Connecting wired and wireless networks

Two significant factors in the security of any network are the measures that exist to ensure accountability for and privacy of traffic: in other words, to control the ability to send packets to the network and to read packets from the network.

Different networks have different characteristics. For example:

The public Internet is unlikely to have effective restrictions on either sending or reading packets, so neither accountability nor privacy can be assumed.
Wired networks in organisations often rely on the difficulty of physical access to a live network socket for both accountability (building entry logs show who was in the room) and privacy (unauthorised visitors are kept outside).
Wireless networks have no physical limits on access (their signals pass through building walls) but often require a user to authenticate before they can send packets and use encryption to protect packets on the network from being read. A wireless network with strong authentication and encryption may offer better protection than a typical wired network with neither.

At any boundary where different security models meet, controls are needed to preserve the security of both sides. Just as firewalls and virtual private networks are used to ensure consistent privacy and accountability when traffic passes between the internal network and the Internet, so the boundary between wireless and wired networks may also need a protective gateway.

Providing Privacy and Accountability

Most gateways implement two types of control. To ensure that traffic from the wireless network can be traced, users must authenticate before they can send traffic to the organisation’s internal network or onto JANET. An authentication gateway will often be part of the access control system for the wireless network itself.

To protect privacy, packet filters may be used. If a wireless network is not encrypted then packet filters can prevent unencrypted traffic leaking from the wired network, where it has some privacy protection, to the wireless where it will have none. For a wireless network with network level encryption (e.g. using WPA/WPA2), filters may be used to avoid exposing traffic on the unencrypted wired side. Packet filters can also block attempts to use insecure application protocols.

Keeping Networks Apart

Although these controls could be implemented on every wireless access point, it is often simpler to connect the access points together and then provide controls at a single gateway where this access point network connects to the external and internal wired networks. This arrangement, similar to a perimeter de-militarised zone, is shown in the diagram overleaf.

An access point network allows services such as local web pages to be provided to wireless users before they authenticate; at least a DHCP server will be needed to provide clients with their IP address, gateway, etc. Any servers on the access point network must be designed and maintained for security as they will be exposed to untraceable attacks from unauthenticated wireless clients.

There are a number of ways to provide a separate access point network:

Access points may be connected to dedicated physical network segments;
Access points may be placed in fixed VLANs (Virtual Local Area Networks), with the gateway providing the only route for traffic between the wired and wireless VLANs;
Individual clients may be allocated to a VLAN based on their login details (e.g. different VLANs for local and visiting users) using the IEEE 802.1X protocol.

The access point network may also be a suitable place to connect visitors with wired connections, as these should not need direct access to the internal network. If visitor use is planned, the gateway should be placed logically close to the organisation’s JANET connection so visitor traffic does not pass across the internal network.

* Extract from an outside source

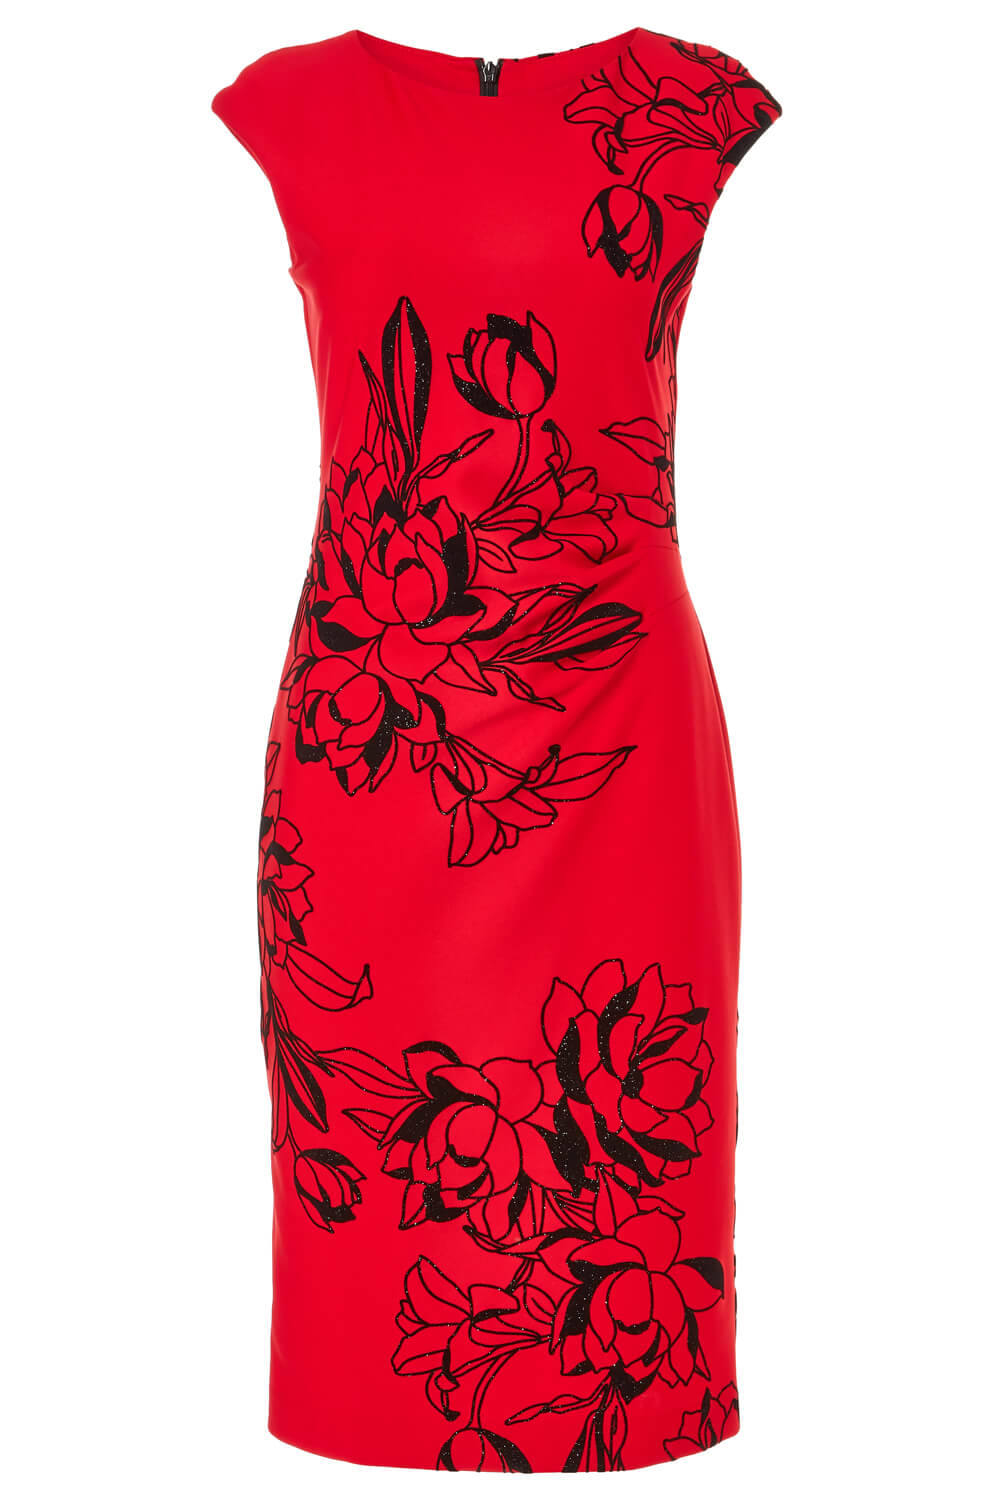 Red Floral Print Fitted Scuba Dress, Image 5 of 5

Gateway Function: Packet Filtering

Packet filtering may be implemented using router Access Control Lists or a firewall. since traffic from unauthenticated wireless clients has the same lack of security controls as the public Internet, the filter rules are likely to be similar to those applied where the organisation connects to JANET. Restrictions on insecure protocols and access to sensitive servers should be considered. Packet filters may also be used to force traffic between the wireless and internal networks to use encrypted protocols (e.g. ssL, ssH, VPN) if the wireless network does not provide strong encryption.

An alternative approach is to block all direct traffic between the wired and wireless networks and require all access to be done through application-level proxies.

Gateway Function: Authentication

Two main alternatives are available to force a user to authenticate before sending their packets beyond the access point network.

IEEE 802.1X is technically superior, since it works at the network layer and prevents any IP packets being sent before the user has authenticated. 802.1X requires software to be configured on the client – once this is done, the connection process is secure and transparent to the user. However, client software is not yet built in to all platforms.
With web redirect gateways users open a web browser and enter their username and password. If authentication succeeds then the gateway allows IP packets to pass from the client to the wired network. Users must protect their password by checking that the gateway is genuine and not a rogue access point set up to steal user credentials. In future, web redirect systems are likely to be replaced by the more secure IEEE 802.1X on both wireless and wired networks.